**ASSIGNED TASK**
Every entry below must be reproduced exactly.

**DATA TO USE**
>>>

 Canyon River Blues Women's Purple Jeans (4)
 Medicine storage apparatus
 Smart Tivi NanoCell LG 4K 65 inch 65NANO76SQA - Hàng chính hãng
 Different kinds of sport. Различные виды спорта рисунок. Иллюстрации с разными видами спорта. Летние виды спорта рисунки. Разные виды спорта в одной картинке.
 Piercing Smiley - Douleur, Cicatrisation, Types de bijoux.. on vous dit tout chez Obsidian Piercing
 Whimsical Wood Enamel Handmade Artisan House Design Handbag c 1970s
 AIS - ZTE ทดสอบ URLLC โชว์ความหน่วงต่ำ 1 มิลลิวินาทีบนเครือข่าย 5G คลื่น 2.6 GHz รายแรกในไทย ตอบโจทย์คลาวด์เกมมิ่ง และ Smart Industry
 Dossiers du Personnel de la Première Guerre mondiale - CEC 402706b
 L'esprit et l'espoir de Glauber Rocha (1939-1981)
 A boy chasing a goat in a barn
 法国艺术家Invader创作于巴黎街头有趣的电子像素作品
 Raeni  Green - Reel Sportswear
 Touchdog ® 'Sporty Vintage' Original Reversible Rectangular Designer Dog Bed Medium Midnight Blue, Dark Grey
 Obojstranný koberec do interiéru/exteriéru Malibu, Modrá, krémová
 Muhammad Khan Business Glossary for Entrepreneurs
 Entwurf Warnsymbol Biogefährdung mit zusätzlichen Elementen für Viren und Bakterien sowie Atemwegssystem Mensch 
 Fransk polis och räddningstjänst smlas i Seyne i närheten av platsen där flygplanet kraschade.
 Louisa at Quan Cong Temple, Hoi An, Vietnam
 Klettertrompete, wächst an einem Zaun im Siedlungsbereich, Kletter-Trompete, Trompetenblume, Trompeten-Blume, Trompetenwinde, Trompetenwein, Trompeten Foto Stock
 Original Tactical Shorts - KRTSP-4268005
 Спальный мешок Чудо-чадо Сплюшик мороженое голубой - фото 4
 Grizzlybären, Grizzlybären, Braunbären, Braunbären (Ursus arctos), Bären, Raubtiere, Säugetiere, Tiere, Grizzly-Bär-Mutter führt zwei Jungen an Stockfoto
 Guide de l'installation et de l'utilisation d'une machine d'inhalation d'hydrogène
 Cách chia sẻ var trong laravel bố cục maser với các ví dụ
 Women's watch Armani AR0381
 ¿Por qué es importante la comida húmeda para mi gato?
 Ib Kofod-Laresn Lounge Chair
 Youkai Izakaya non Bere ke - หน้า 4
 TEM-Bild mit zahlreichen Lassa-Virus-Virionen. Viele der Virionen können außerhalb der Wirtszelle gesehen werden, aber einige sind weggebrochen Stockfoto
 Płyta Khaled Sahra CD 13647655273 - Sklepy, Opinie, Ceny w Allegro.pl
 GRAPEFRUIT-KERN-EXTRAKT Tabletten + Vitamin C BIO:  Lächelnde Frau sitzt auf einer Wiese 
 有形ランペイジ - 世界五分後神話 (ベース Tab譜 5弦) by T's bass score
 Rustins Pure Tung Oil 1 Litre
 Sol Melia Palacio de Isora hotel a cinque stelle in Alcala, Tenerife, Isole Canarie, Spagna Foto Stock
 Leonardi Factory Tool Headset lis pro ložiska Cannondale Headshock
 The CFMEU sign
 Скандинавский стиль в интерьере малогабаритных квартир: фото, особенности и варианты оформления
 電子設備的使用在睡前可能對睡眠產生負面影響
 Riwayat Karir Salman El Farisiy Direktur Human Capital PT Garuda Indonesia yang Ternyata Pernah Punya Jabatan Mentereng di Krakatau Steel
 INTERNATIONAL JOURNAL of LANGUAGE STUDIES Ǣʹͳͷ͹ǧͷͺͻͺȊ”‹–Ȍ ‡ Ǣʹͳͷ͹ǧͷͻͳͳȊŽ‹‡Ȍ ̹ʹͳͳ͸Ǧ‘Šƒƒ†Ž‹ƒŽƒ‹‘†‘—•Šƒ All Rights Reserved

<<<

**OUTPUT OF THE EXERCISE**
 Canyon River Blues Women's Purple Jeans (4)
 Medicine storage apparatus
 Smart Tivi NanoCell LG 4K 65 inch 65NANO76SQA - Hàng chính hãng
 Different kinds of sport. Различные виды спорта рисунок. Иллюстрации с разными видами спорта. Летние виды спорта рисунки. Разные виды спорта в одной картинке.
 Piercing Smiley - Douleur, Cicatrisation, Types de bijoux.. on vous dit tout chez Obsidian Piercing
 Whimsical Wood Enamel Handmade Artisan House Design Handbag c 1970s
 AIS - ZTE ทดสอบ URLLC โชว์ความหน่วงต่ำ 1 มิลลิวินาทีบนเครือข่าย 5G คลื่น 2.6 GHz รายแรกในไทย ตอบโจทย์คลาวด์เกมมิ่ง และ Smart Industry
 Dossiers du Personnel de la Première Guerre mondiale - CEC 402706b
 L'esprit et l'espoir de Glauber Rocha (1939-1981)
 A boy chasing a goat in a barn
 法国艺术家Invader创作于巴黎街头有趣的电子像素作品
 Raeni  Green - Reel Sportswear
 Touchdog ® 'Sporty Vintage' Original Reversible Rectangular Designer Dog Bed Medium Midnight Blue, Dark Grey
 Obojstranný koberec do interiéru/exteriéru Malibu, Modrá, krémová
 Muhammad Khan Business Glossary for Entrepreneurs
 Entwurf Warnsymbol Biogefährdung mit zusätzlichen Elementen für Viren und Bakterien sowie Atemwegssystem Mensch 
 Fransk polis och räddningstjänst smlas i Seyne i närheten av platsen där flygplanet kraschade.
 Louisa at Quan Cong Temple, Hoi An, Vietnam
 Klettertrompete, wächst an einem Zaun im Siedlungsbereich, Kletter-Trompete, Trompetenblume, Trompeten-Blume, Trompetenwinde, Trompetenwein, Trompeten Foto Stock
 Original Tactical Shorts - KRTSP-4268005
 Спальный мешок Чудо-чадо Сплюшик мороженое голубой - фото 4
 Grizzlybären, Grizzlybären, Braunbären, Braunbären (Ursus arctos), Bären, Raubtiere, Säugetiere, Tiere, Grizzly-Bär-Mutter führt zwei Jungen an Stockfoto
 Guide de l'installation et de l'utilisation d'une machine d'inhalation d'hydrogène
 Cách chia sẻ var trong laravel bố cục maser với các ví dụ
 Women's watch Armani AR0381
 ¿Por qué es importante la comida húmeda para mi gato?
 Ib Kofod-Laresn Lounge Chair
 Youkai Izakaya non Bere ke - หน้า 4
 TEM-Bild mit zahlreichen Lassa-Virus-Virionen. Viele der Virionen können außerhalb der Wirtszelle gesehen werden, aber einige sind weggebrochen Stockfoto
 Płyta Khaled Sahra CD 13647655273 - Sklepy, Opinie, Ceny w Allegro.pl
 GRAPEFRUIT-KERN-EXTRAKT Tabletten + Vitamin C BIO:  Lächelnde Frau sitzt auf einer Wiese 
 有形ランペイジ - 世界五分後神話 (ベース Tab譜 5弦) by T's bass score
 Rustins Pure Tung Oil 1 Litre
 Sol Melia Palacio de Isora hotel a cinque stelle in Alcala, Tenerife, Isole Canarie, Spagna Foto Stock
 Leonardi Factory Tool Headset lis pro ložiska Cannondale Headshock
 The CFMEU sign
 Скандинавский стиль в интерьере малогабаритных квартир: фото, особенности и варианты оформления
 電子設備的使用在睡前可能對睡眠產生負面影響
 Riwayat Karir Salman El Farisiy Direktur Human Capital PT Garuda Indonesia yang Ternyata Pernah Punya Jabatan Mentereng di Krakatau Steel
 INTERNATIONAL JOURNAL of LANGUAGE STUDIES Ǣʹͳͷ͹ǧͷͺͻͺȊ”‹–Ȍ ‡ Ǣʹͳͷ͹ǧͷͻͳͳȊŽ‹‡Ȍ ̹ʹͳͳ͸Ǧ‘Šƒƒ†Ž‹ƒŽƒ‹‘†‘—•Šƒ All Rights Reserved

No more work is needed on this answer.